In Part II, we built the data pipeline with 25 technical indicators. Now comes the exciting part: designing the learning environment where our DQN agent will interact with the market.

A well-designed environment is critical for successful RL. We need to formulate trading as a Markov Decision Process (MDP) with:

State Space: What does the agent observe?
Action Space: What can the agent do?
Reward Function: How do we measure success?
Transition Dynamics: How does the environment evolve?

This part covers our sophisticated environment featuring:

Multi-buy position accumulation
Partial sells with FIFO lot tracking
Action masking for safety
Risk management guardrails

The complete code is in src/trading/environment.py on GitHub.

State Space: What Does the Agent See?

State Composition

The agent observes a window of recent market data plus its current portfolio state:

State = [Market Features (window_size × n_features) + Portfolio State]

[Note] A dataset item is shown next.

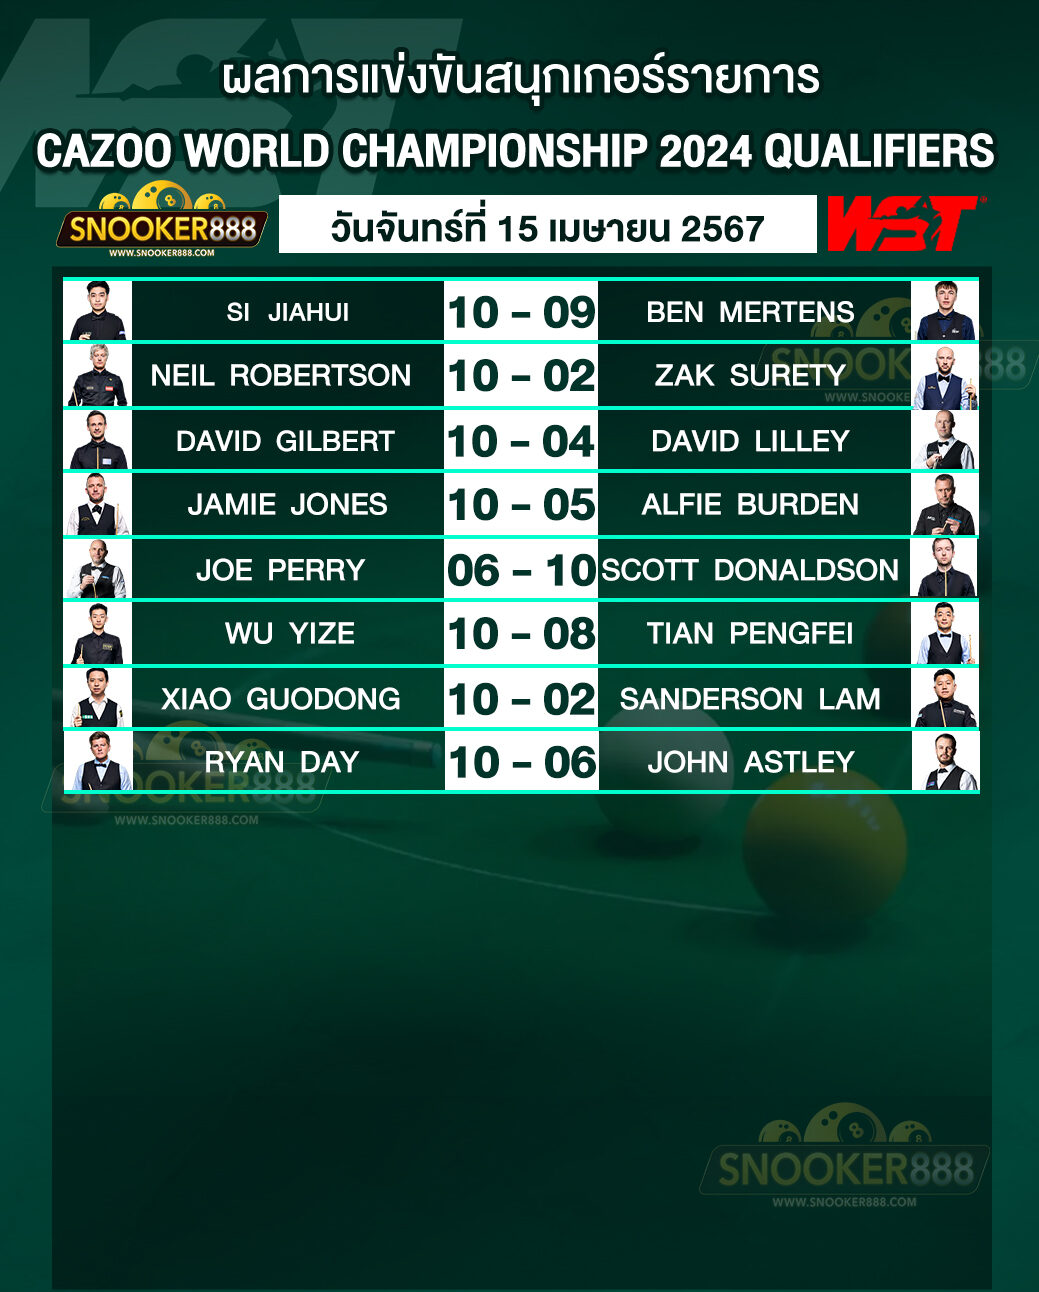 ผลการแข่งขันสนุกเกอร์ CAZOO WORLD CHAMPIONSHIP 2024 QUALIFIERS วันที่ 15 เม.ย. 67
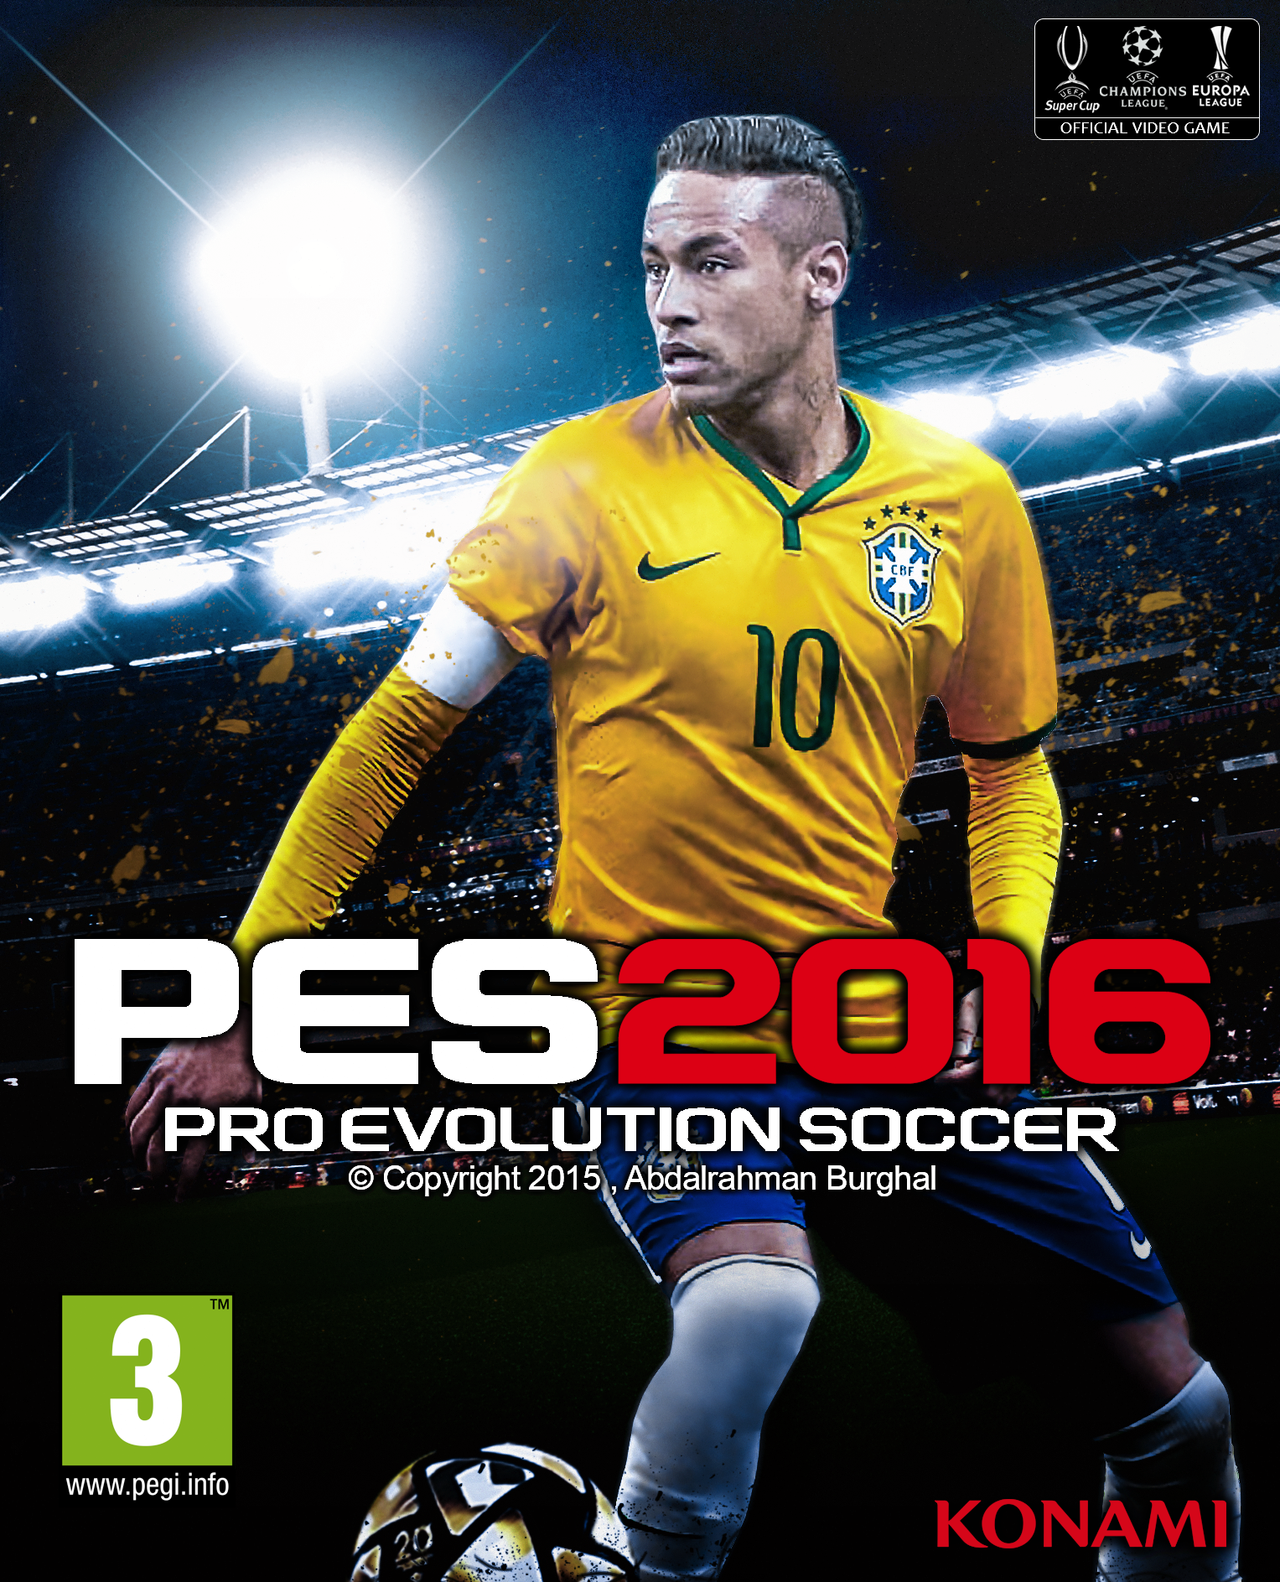 Pro Evolution Soccer 2016 Free Download Torrent

Example with window_size=5, 25 features:

Shape: (5, 27)  # 25 market features + 2 portfolio features

Market Features (past 5 days):
- SPY_Close, SPY_Return, SPY_High_Low_Pct, ...
- BB_Position, BB_Width, ...
- EMA_8, EMA_21, SMA_50, SMA_200, ...
- RSI, ADX, DI_Plus, DI_Minus
- Volume_Ratio, Volume_Trend
- VIX_Close

Portfolio State (current):
- Position Ratio: shares_held / max_affordable_shares  (dynamically normalized)
- Cash Ratio: balance / starting_balance   (0.0 to ~2.0+)

Implementation

def _get_state(self) -> np.ndarray:
    """
    Get current state observation.

    Returns:
        np.ndarray: State array of shape (window_size, n_features + 2)
    """
    # Extract window of market features
    start_idx = self.current_step - self.window_size
    end_idx = self.current_step

    market_state = self.data[self.feature_columns].iloc[start_idx:end_idx].values

    # Add portfolio state to each time step
    # Normalize position by max affordable shares (price-adaptive)
    current_price = self._get_current_price()
    max_affordable_shares = self.starting_balance / current_price if current_price > 0 else 1

    position_ratio = self.shares_held / max_affordable_shares
    balance_ratio = self.balance / self.starting_balance

    portfolio_state = np.array([position_ratio, balance_ratio])

    # Broadcast portfolio state across time window
    portfolio_broadcast = np.tile(portfolio_state, (self.window_size, 1))

    # Concatenate: (window_size, n_market_features + 2)
    state = np.concatenate([market_state, portfolio_broadcast], axis=1)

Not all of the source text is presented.